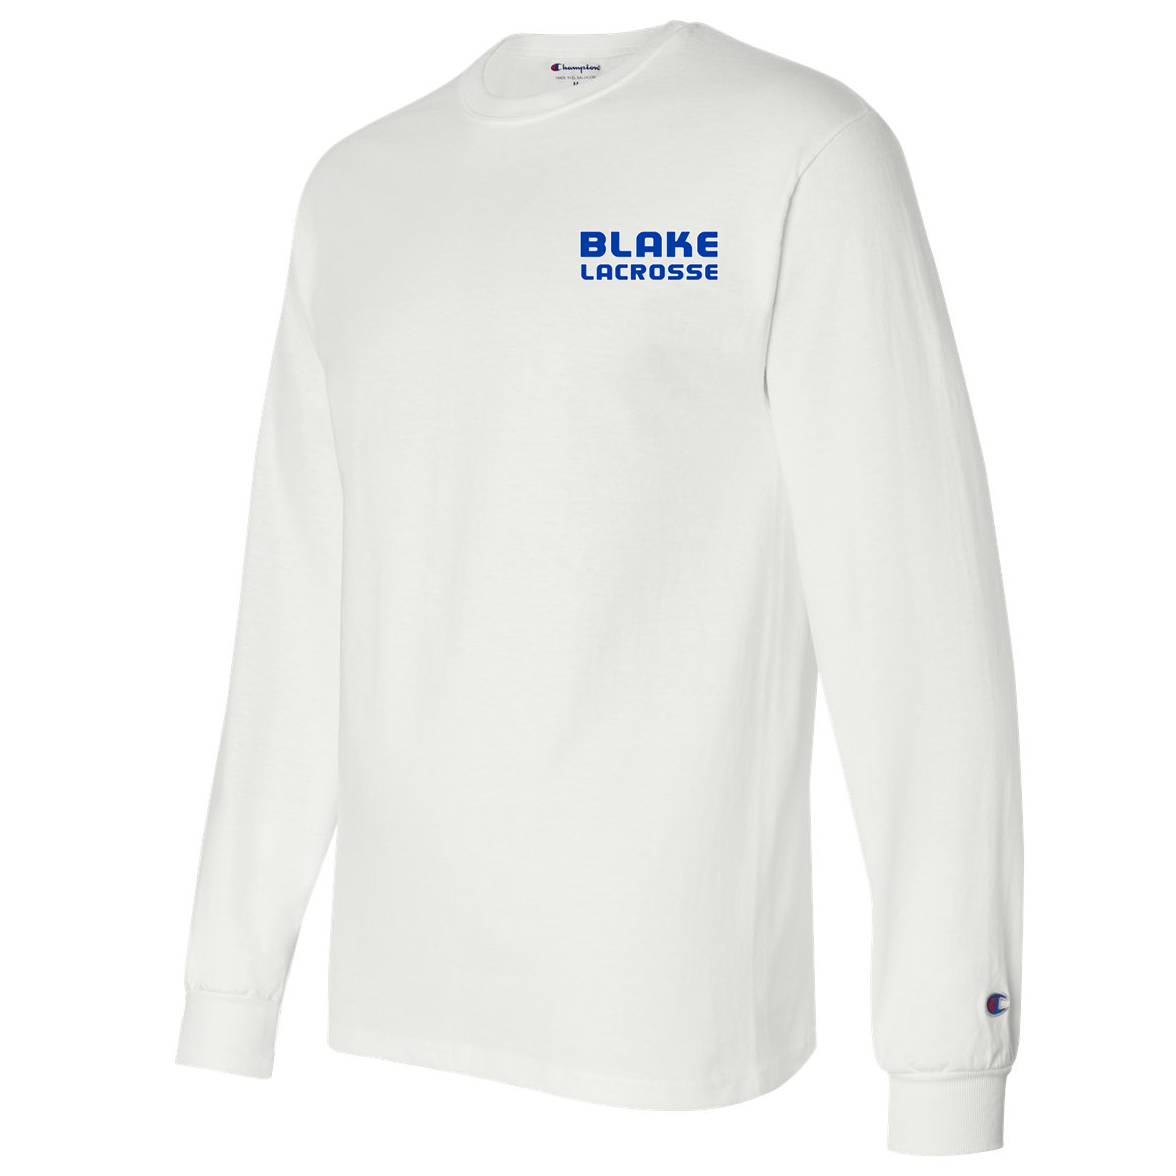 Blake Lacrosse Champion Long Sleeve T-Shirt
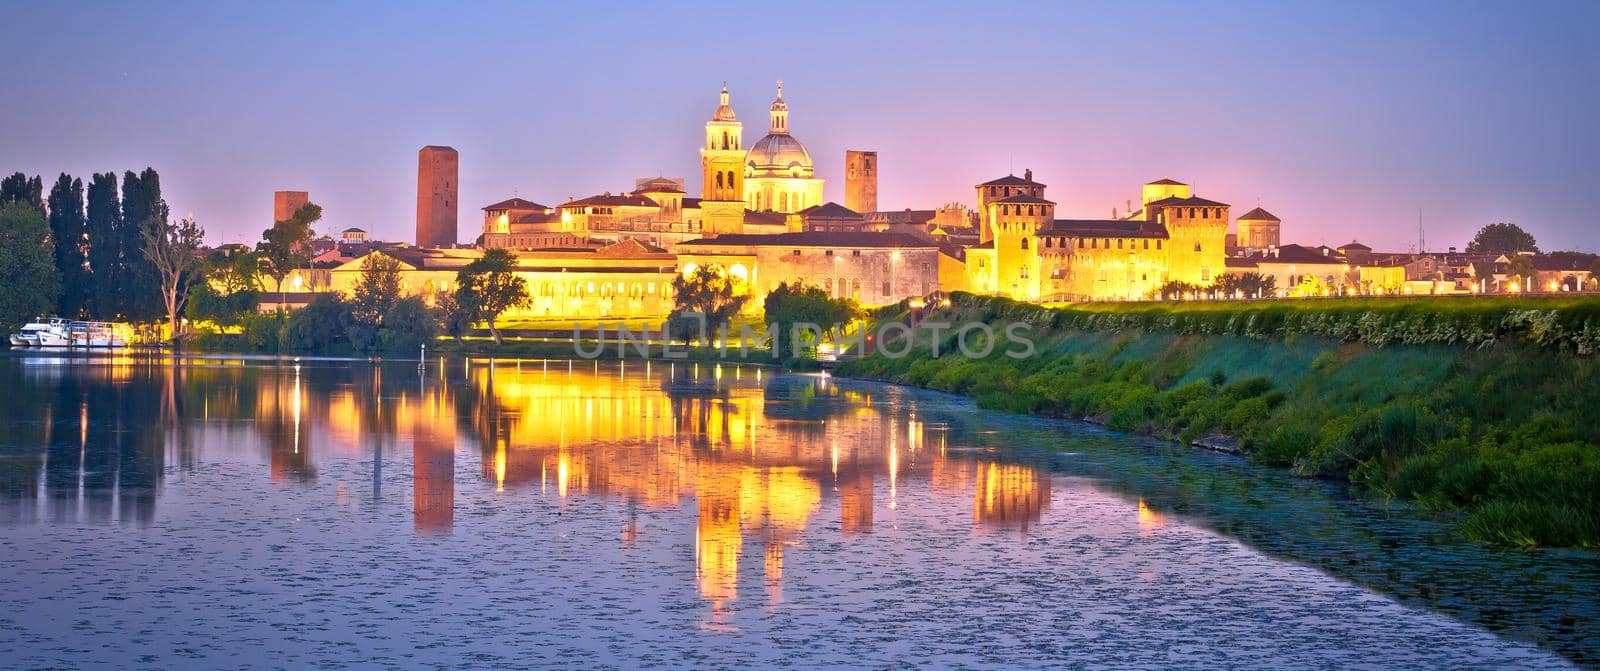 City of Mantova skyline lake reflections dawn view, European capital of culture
--
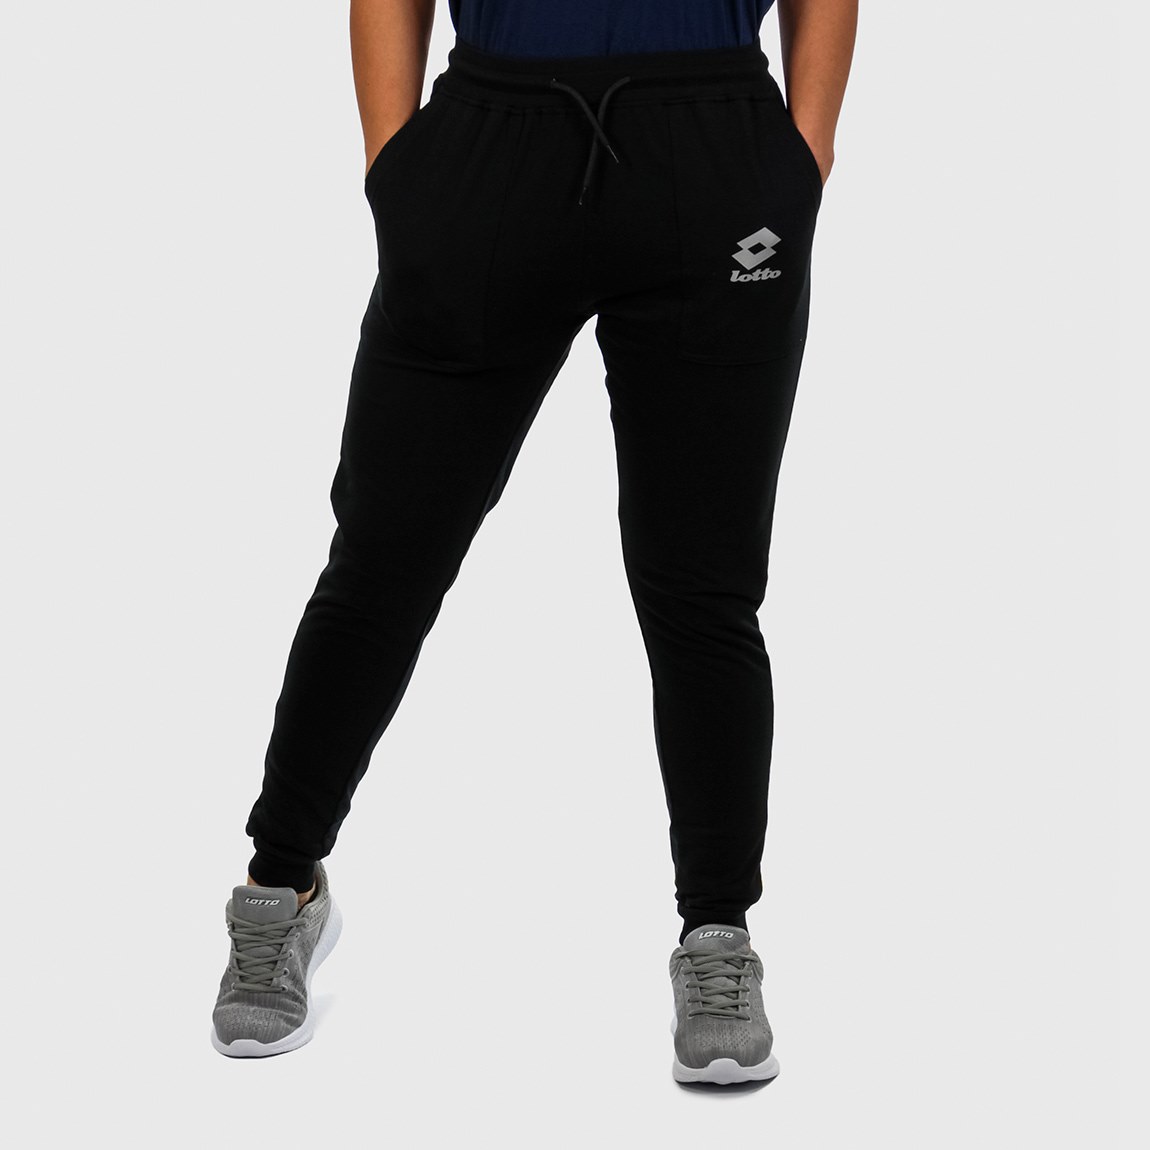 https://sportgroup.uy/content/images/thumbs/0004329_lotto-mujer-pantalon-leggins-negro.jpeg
* * *
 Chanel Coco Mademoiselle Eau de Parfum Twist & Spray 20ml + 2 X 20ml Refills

→ **Description of the task**
Look above for the line with "Blake Lacrosse Champion Long Sleeve T-Shirt" and the line with "City of Mantova". Give again exactly those two lines and all lines between them, pictures excluded.

→ **Exercise response**
 Blake Lacrosse Champion Long Sleeve T-Shirt
 City of Mantova skyline lake reflections dawn view, European capital of culture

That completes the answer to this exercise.